- Conference: Southeastern Conference
- Record: 6–2–1 (2–2–1 SEC)
- Head coach: Albert D. Kirwan (2nd season);
- Captain: Joe Shepherd
- Home stadium: McLean Stadium

= 1939 Kentucky Wildcats football team =

American college football season

The 1939 Kentucky Wildcats football team was an American football team that represented the University of Kentucky as a member of the Southeastern Conference (SEC) during the 1939 college football season.
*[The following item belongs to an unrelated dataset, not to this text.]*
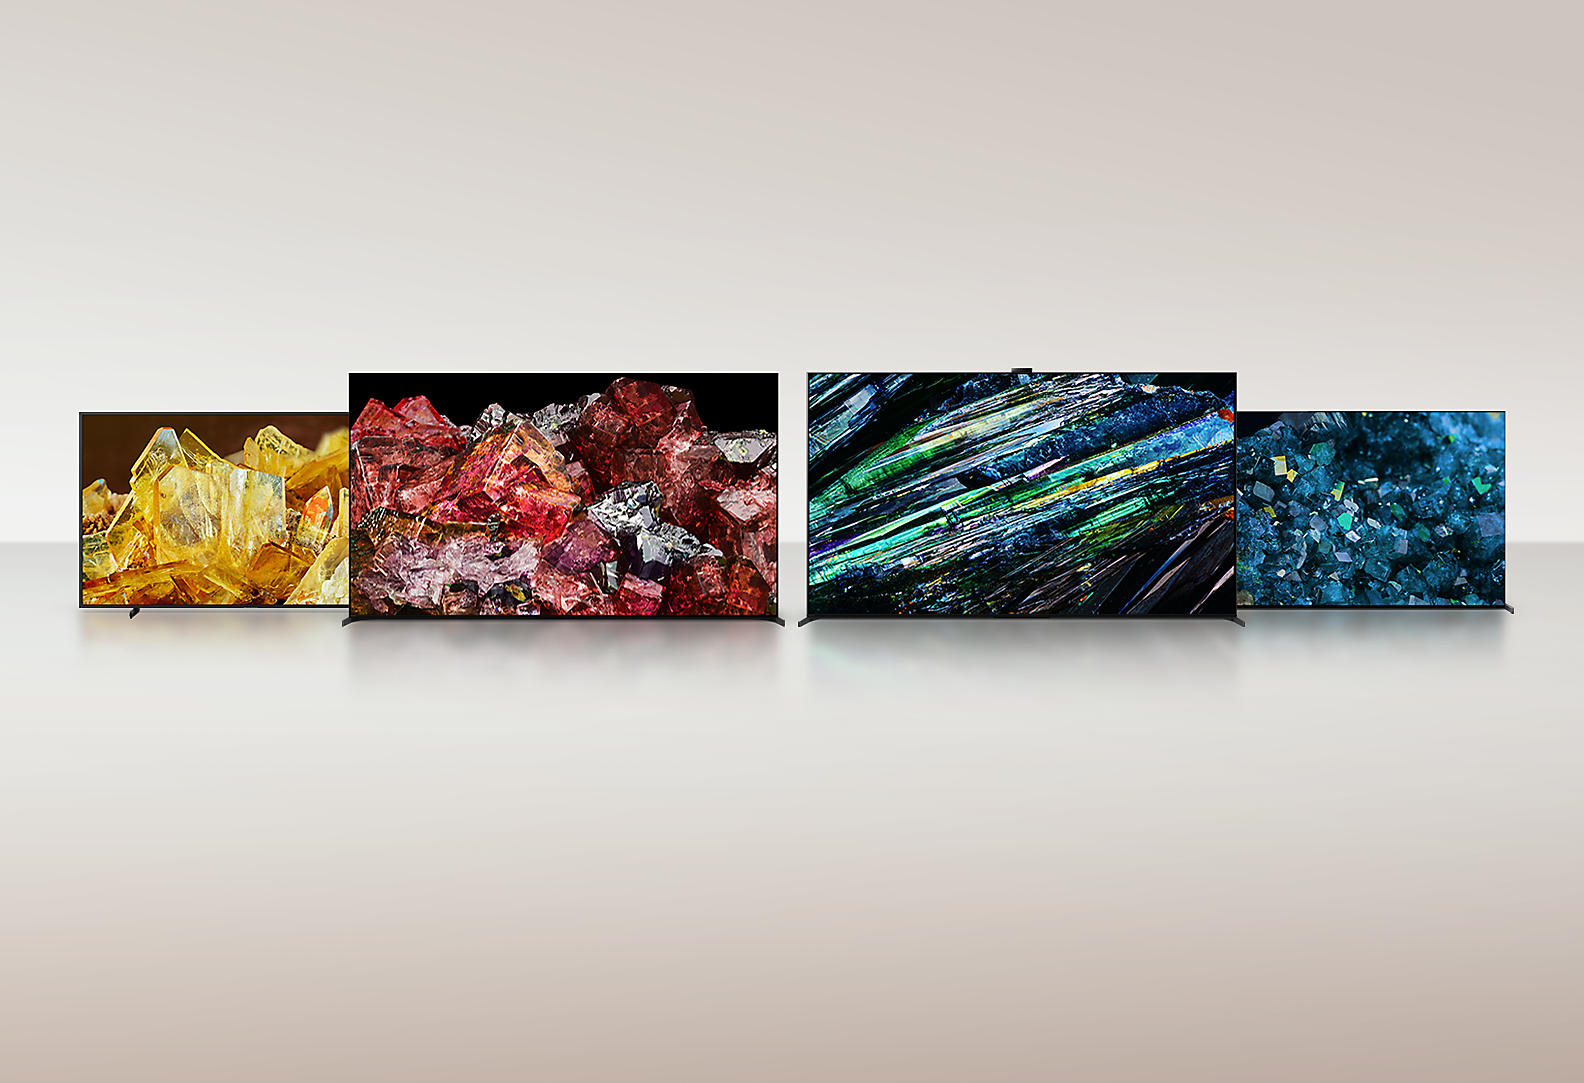 Bốn TV BRAVIA XR đang hiển thị hình ảnh toàn màn hình của các loại tinh thể khác nhau với chi tiết và màu sắc đáng kinh ngạc

In their second season under head coach Albert D. Kirwan, the Wildcats compiled an overall record of 6–2–1 with a mark of 2–2–1 against conference opponents, finished sixth in the SEC, and outscored opponents by a total of 161 to 64.

Kentucky was not ranked in the final AP poll, but it was ranked at No. 28 in the 1939 Williamson System ratings, and at No. 27 in the final Litkenhous Ratings for 1939.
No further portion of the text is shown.